Brother, Can You Spare Two Literal Dimes For Donald Trump’s Tax Bill?

Brother, Can You Spare Two Literal Dimes For Donald Trump’s Tax Bill?

It's not quite October but this is still a pleasant surprise. The New York Times dropped a bomb on Donald Trump's overpriced head Sunday. The paper obtained Trump's tax information for more than two decades, and it's a doozy: Trump paid no — as in zero — taxes for 10 of the 15 years prior to his presidency. However, President Deadbeat wrote Uncle Sam a big check for $750 in 2016. That's right. He paid the federal government less than his cable provider. He paid another $750 in 2017. If your income was greater than $20,000 last year, you likely paid more in federal income tax.

How did he pull this off?

From the Times:

His reports to the I.R.S. portray a businessman who takes in hundreds of millions of dollars a year yet racks up chronic losses that he aggressively employs to avoid paying taxes.

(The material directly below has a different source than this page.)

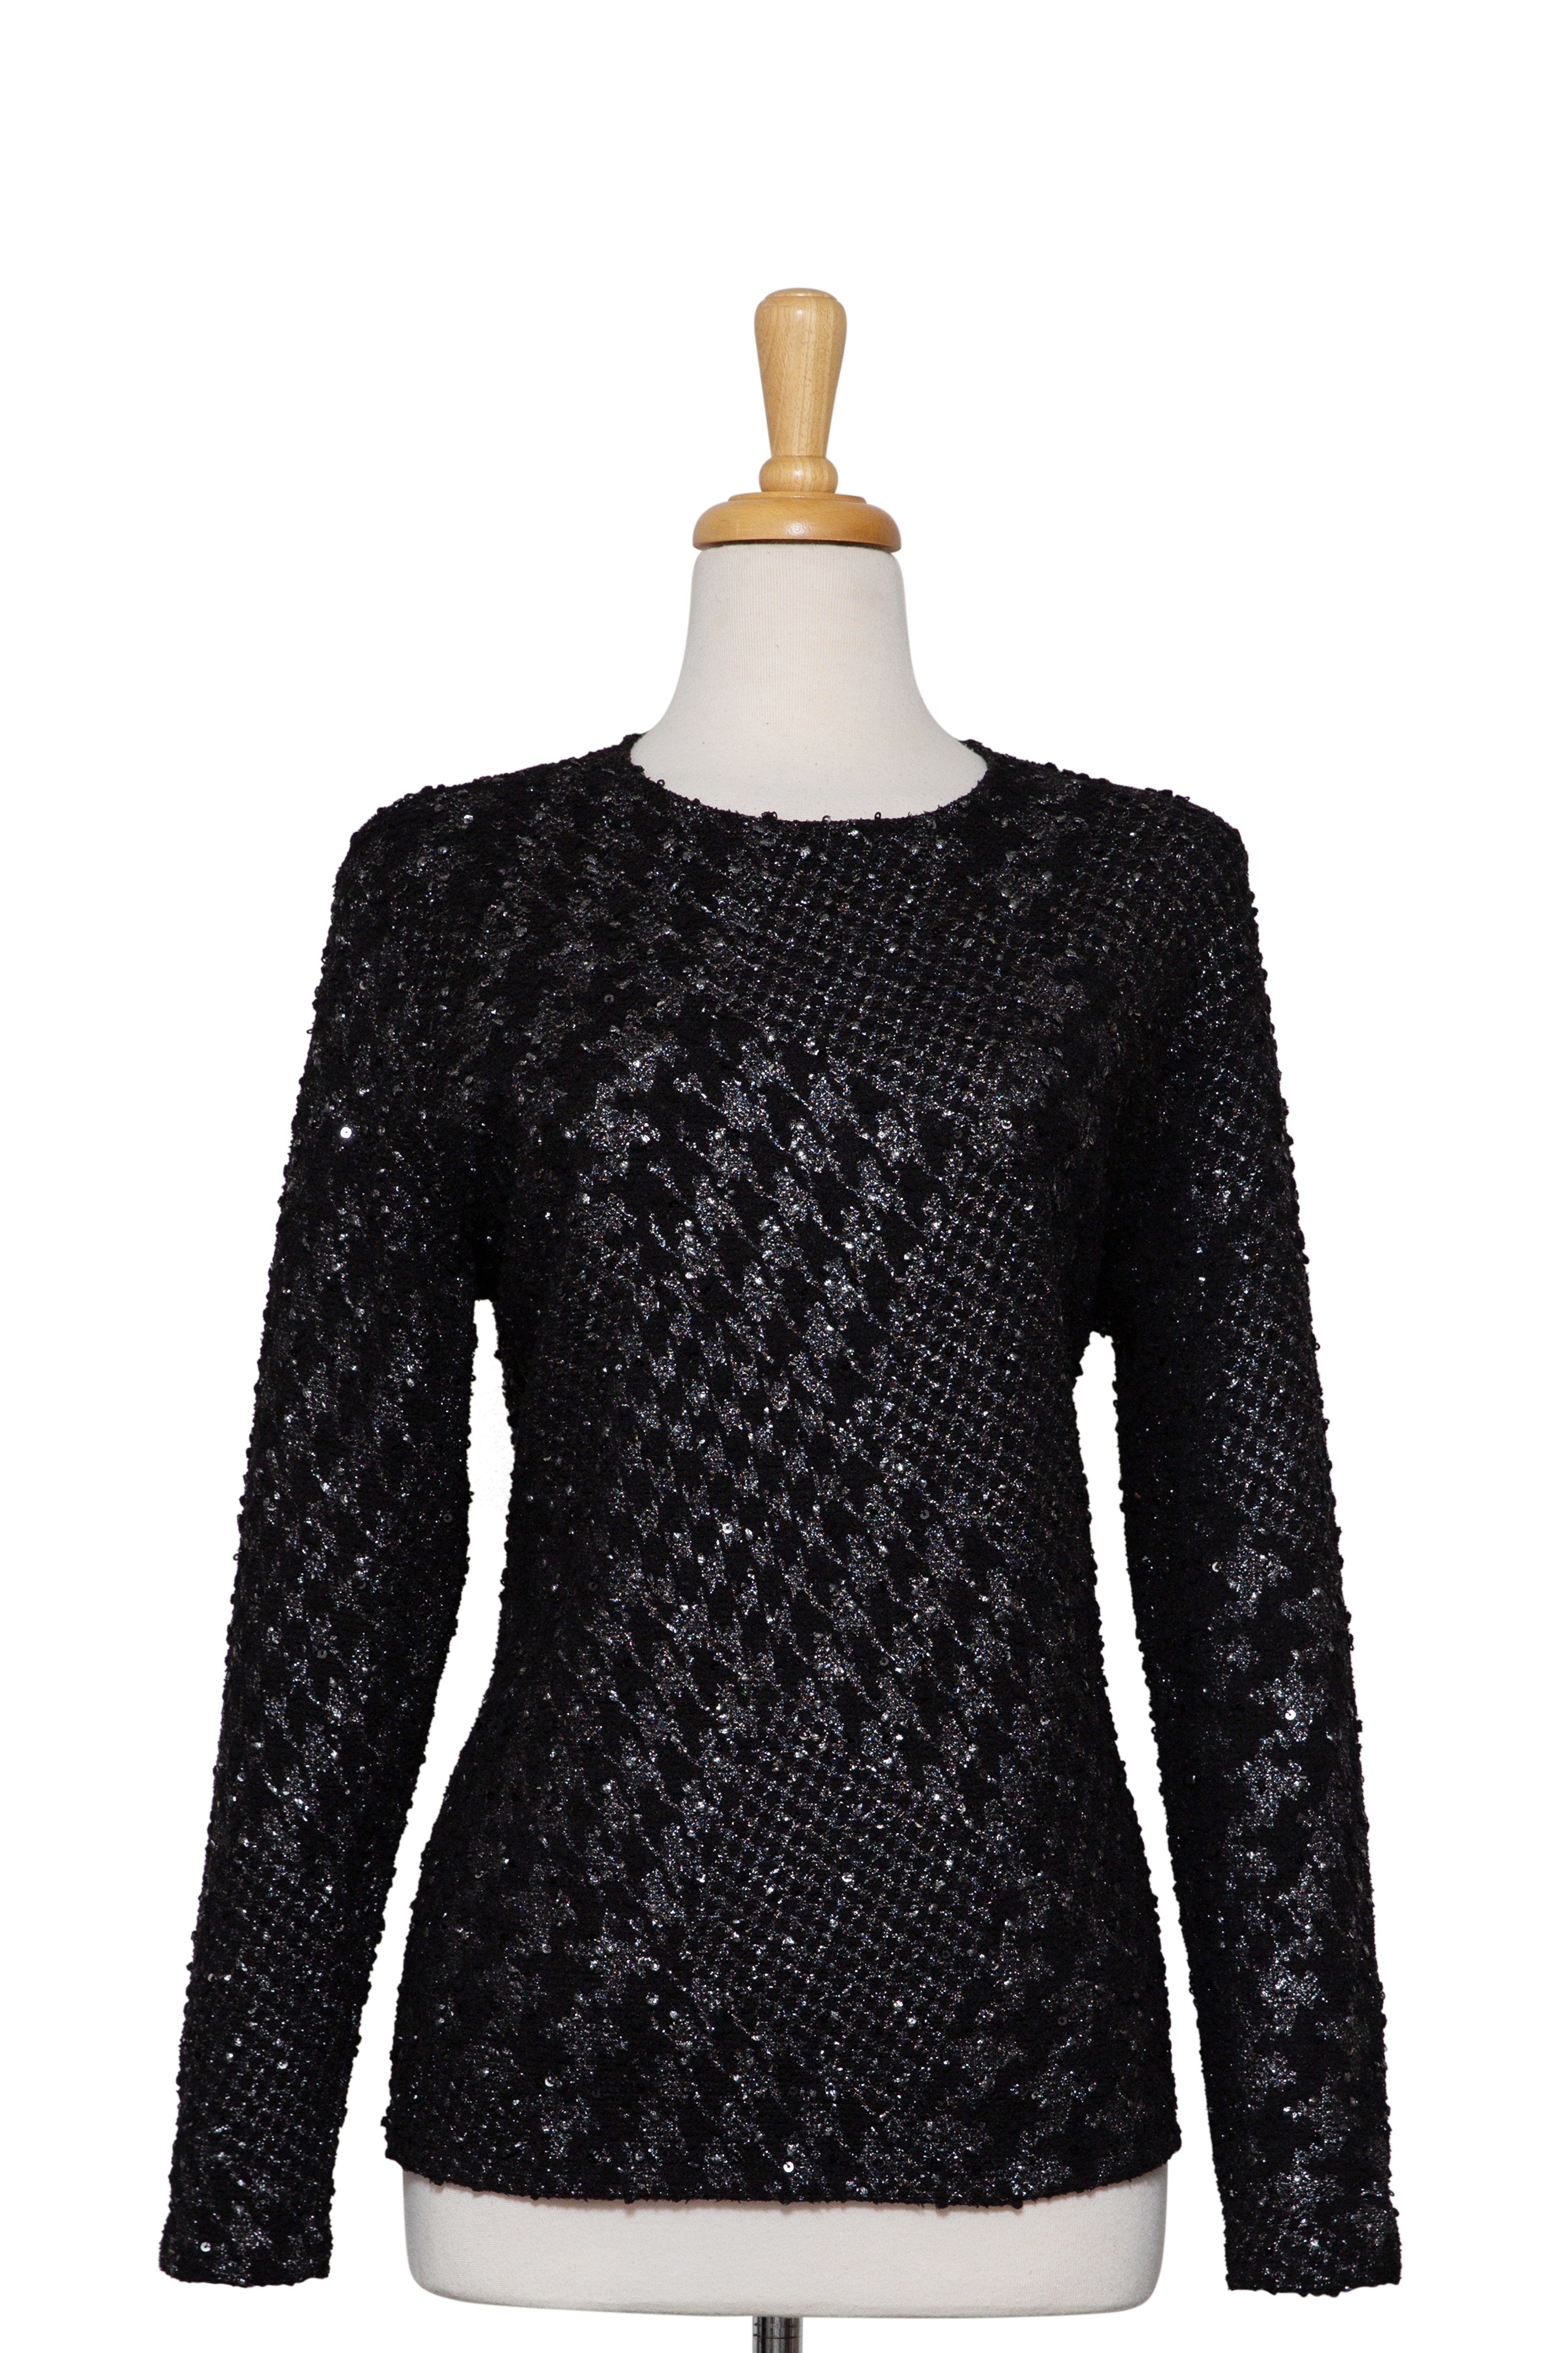 Black and Silver Metallic with Boucle Long Sequins Dispersed Knit Sleeve Top

That's not the description of a “businessman." It's the plot of The Producers. Trump is a walking one-man Ponzi scheme who plays everyone he meets for a sucker. This includes the current first lady, who negotiated a fat prenup settlement on the taxpayer's dime, but Trump could never pay it. He's really, most sincerely broke.

Give the lady credit; she was four for four.

Alan Garten, a lawyer for the Trump Organization, responded defensively to the Times expose.

GARTEN: Over the past decade, President Trump has paid tens of millions of dollars in personal taxes to the federal government, including paying millions in personal taxes since announcing his candidacy in 2015.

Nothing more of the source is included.